Zhukovsky went blind, but continued to record his poems with a machine he invented. He died in Baden-Baden at the age of sixty-nine. His body was shipped to St. Petersburg, where he was buried at the Alexander Nevsky Monastery, next to the grave of Karamzin. The proximity was symbolic. If not for Pushkin, Zhukovsky and Karamzin would be considered the fathers of the new Russian literature: Karamzin of prose, and Zhukovsky of poetry. The rare combination of talent, grace, and kindness that these two men embodied was probably not seen again in Russian culture until Anton Chekhov.
On February 6, 1856, the writer Dmitry Grigorovich went to a dinner given by Contemporary (arguably the best Russian magazine of the time). The monthly dinners celebrating the latest issue were a tradition started by the editor, the great poet Nikolai Nekrasov, at the helm from 1847.
Grigorovich was bringing another of the magazine’s authors with him—the clumsy, ugly, and passive-aggressive Count Leo Tolstoy. The twenty-seven-year-old count had already published several prose pieces in Contemporary, including the novellas Childhood and Adolescence and sketches from his experiences in the Crimean War, but he still did not feel like an insider.

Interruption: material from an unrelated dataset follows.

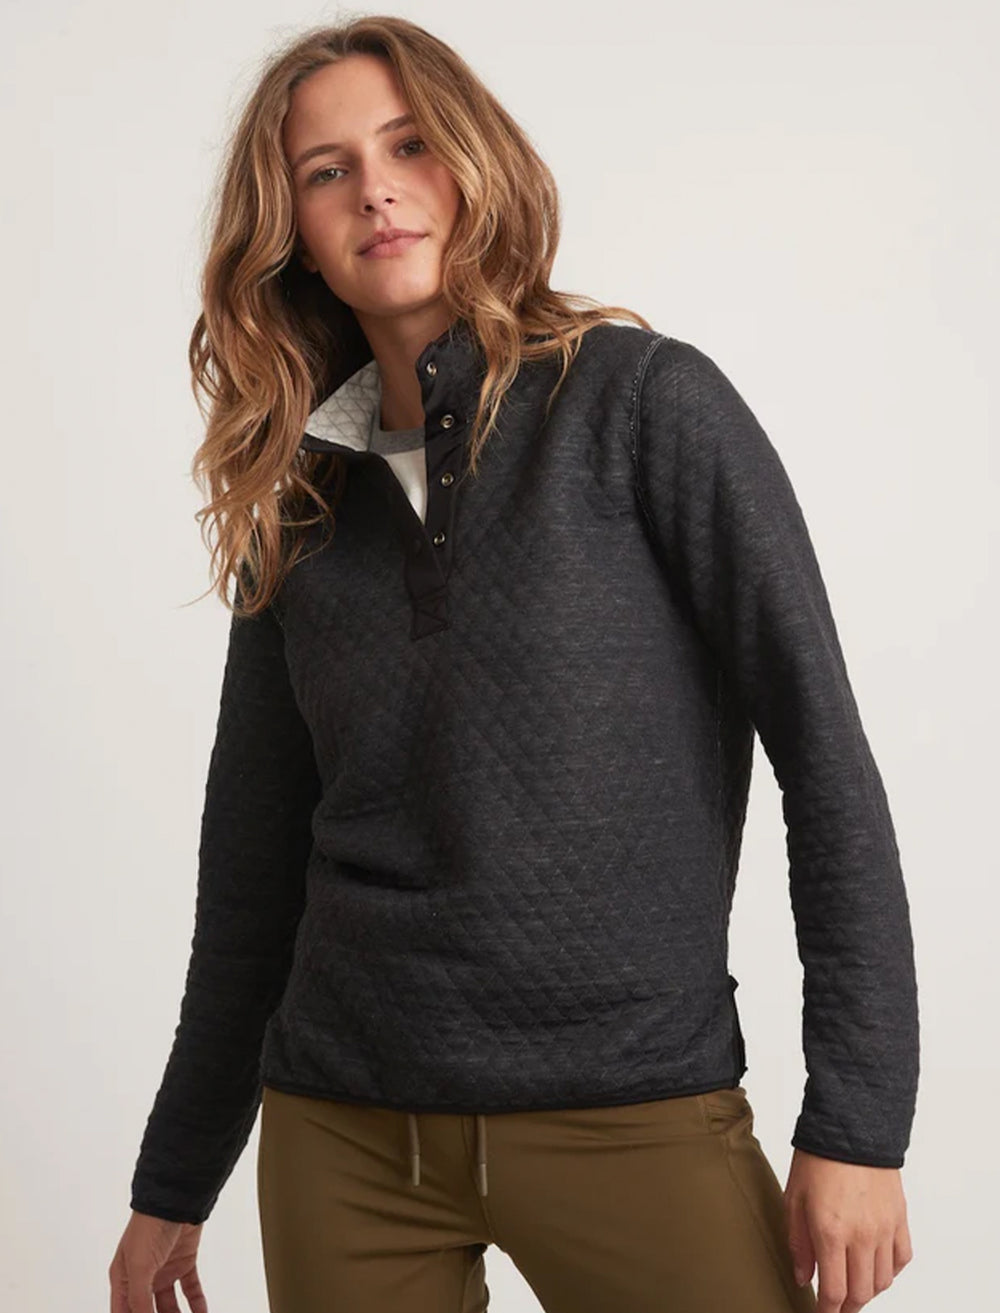 Model wearing the reverse side of Marine Layer's corbet reversible pullover in white and black.

On the way, the gentlemanly Grigorovich gave the grumpy Tolstoy advice on how to behave at the dinner—not in the sense of social etiquette (the magazine’s crowd did not care about that) but in terms of political correctness. Grigorovich worried that the young count, the only of the magazine’s authors to sport a military uniform, had an embarrassing inclination to shoot from the hip, making provocative pronouncements—for example, that Shakespeare was nothing more than an empty phrasemonger.

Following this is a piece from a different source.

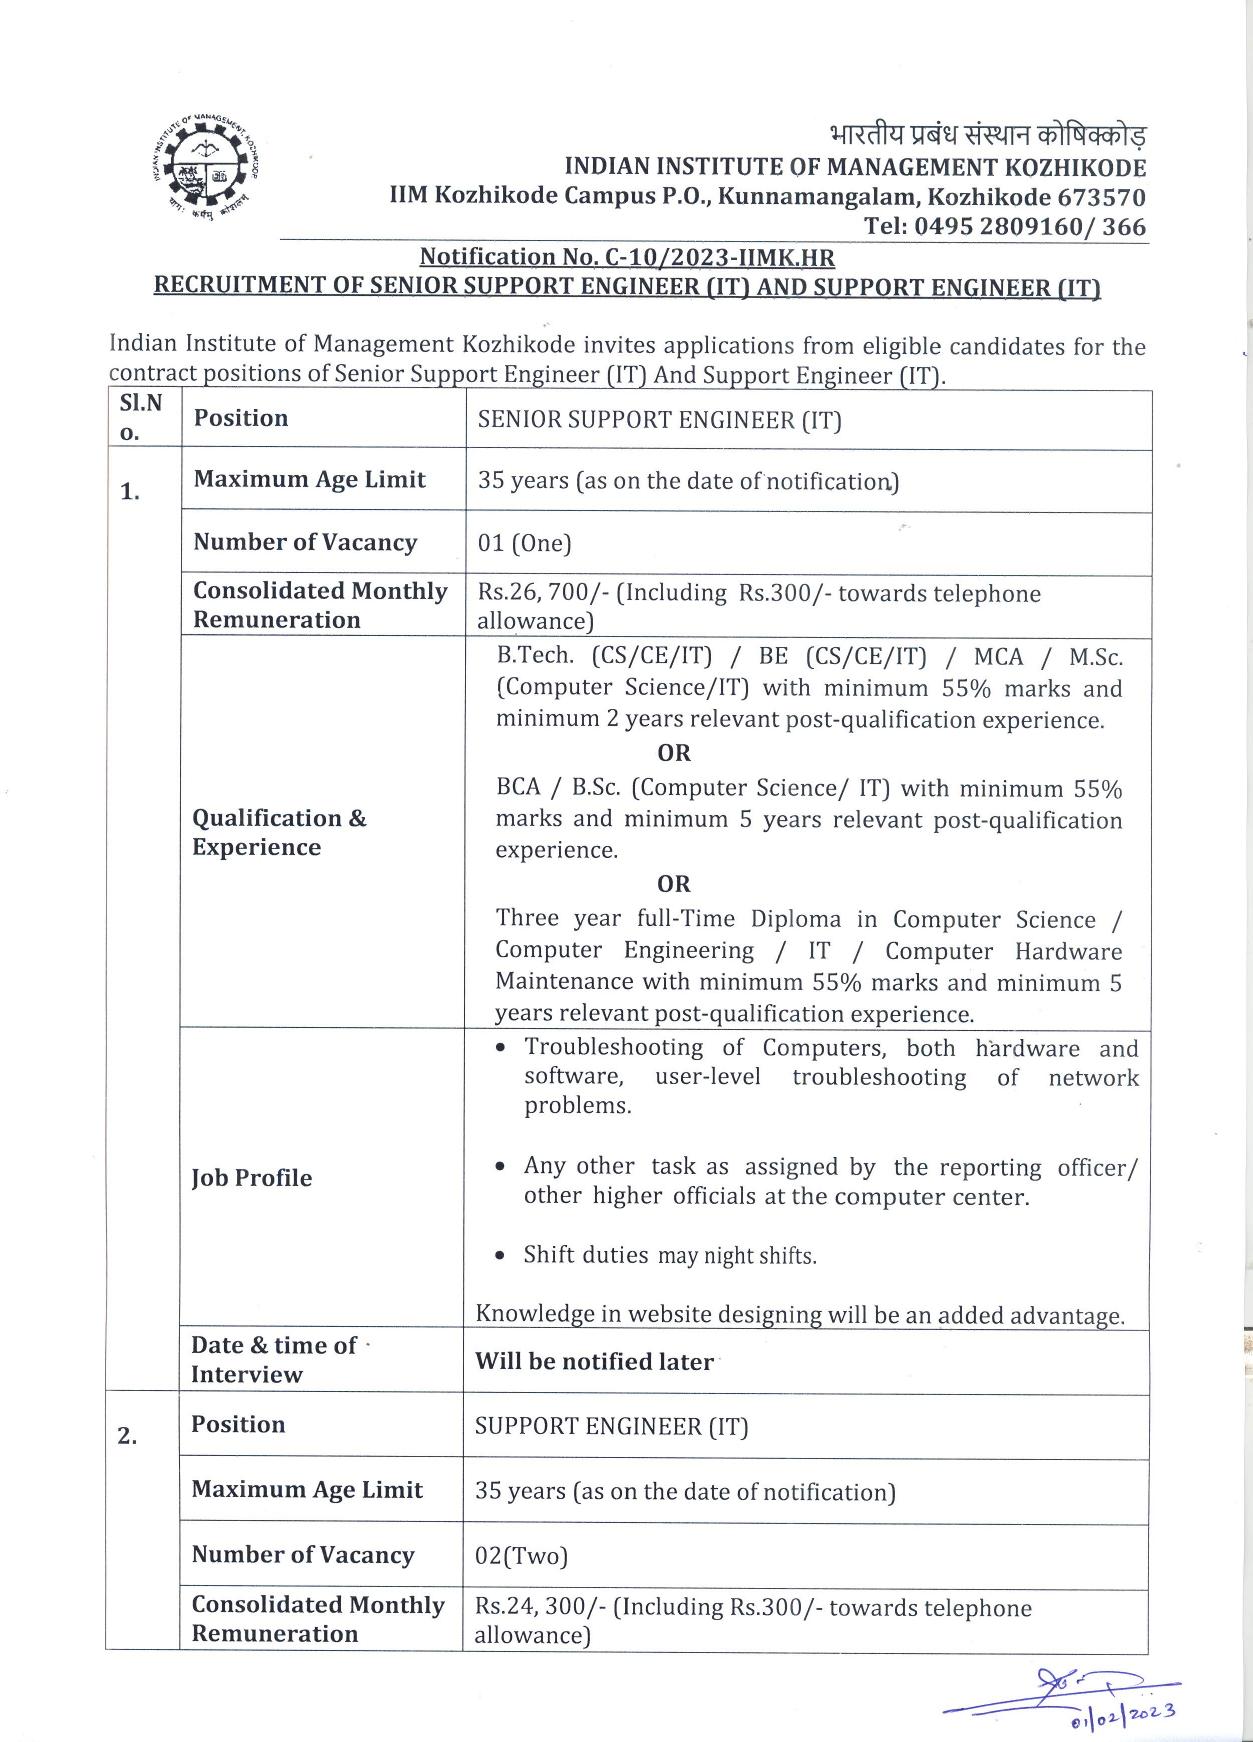 Indian Institute of Management Kozhikode Invites Application for Senior Support Engineer, Support Engineer Recruitment 2023 - Page 2

Grigorovich particularly asked Tolstoy not to berate George Sand, for he had often heard the count attack the celebrated French novelist and feminist. They “fanatically adored” her at Contemporary, Nekrasov and his closest associate, the radical critic Nikolai Chernyshevsky, and the magazine’s constant contributor, liberal writer Ivan Turgenev.
Later Grigorovich recalled, “At first, the dinner went well; Tolstoy was rather taciturn, but toward the end he gave in. Hearing praise for Sand’s latest novel, he abruptly declared that he hated her, adding that the heroines of her novels, if they existed in real life, should be put in stocks and driven around the streets of St. Petersburg as a lesson.”3
Nekrasov was offended and wrote to a friend about Tolstoy’s outburst: “What nonsense he babbled at my dinner yesterday! The devil knows what’s in his head! He says such stupid and even nasty things. It would be a shame if these traits of landowning and military influence do not change in him. An excellent talent will be lost!”4
Turgenev was also outraged: “I almost quarreled with Tolstoy—really, it’s impossible for ignorance not to show in one way or another. The other day, at Nekrasov’s dinner, he said so many trite and crude things about G. Sand that I can’t even convey it all.”5
In our day, very few people read the novels of George Sand (she wrote almost sixty) with the same interest as progressive intellectuals all over Europe did at the time; people look at her books today primarily because they have heard about her notorious affairs with Chopin, Alfred de Musset, and Prosper Mérimée. But in the mid-nineteenth century, Sand’s works were perceived as more than romans à clef or entertaining super-romantic narratives; they were textbooks of life.
Dostoevsky recalled that he considered Sand then as the head of a movement for a radical social renewal of humanity. The adoration of Sand in Russia was particularly fervent, and Dostoevsky explained why: “Only this was permitted, that is, novels, the rest, practically every thought, especially from France, was strictly banned.” (According to Dostoevsky, the Russian censors made a huge error in allowing the works of George Sand.)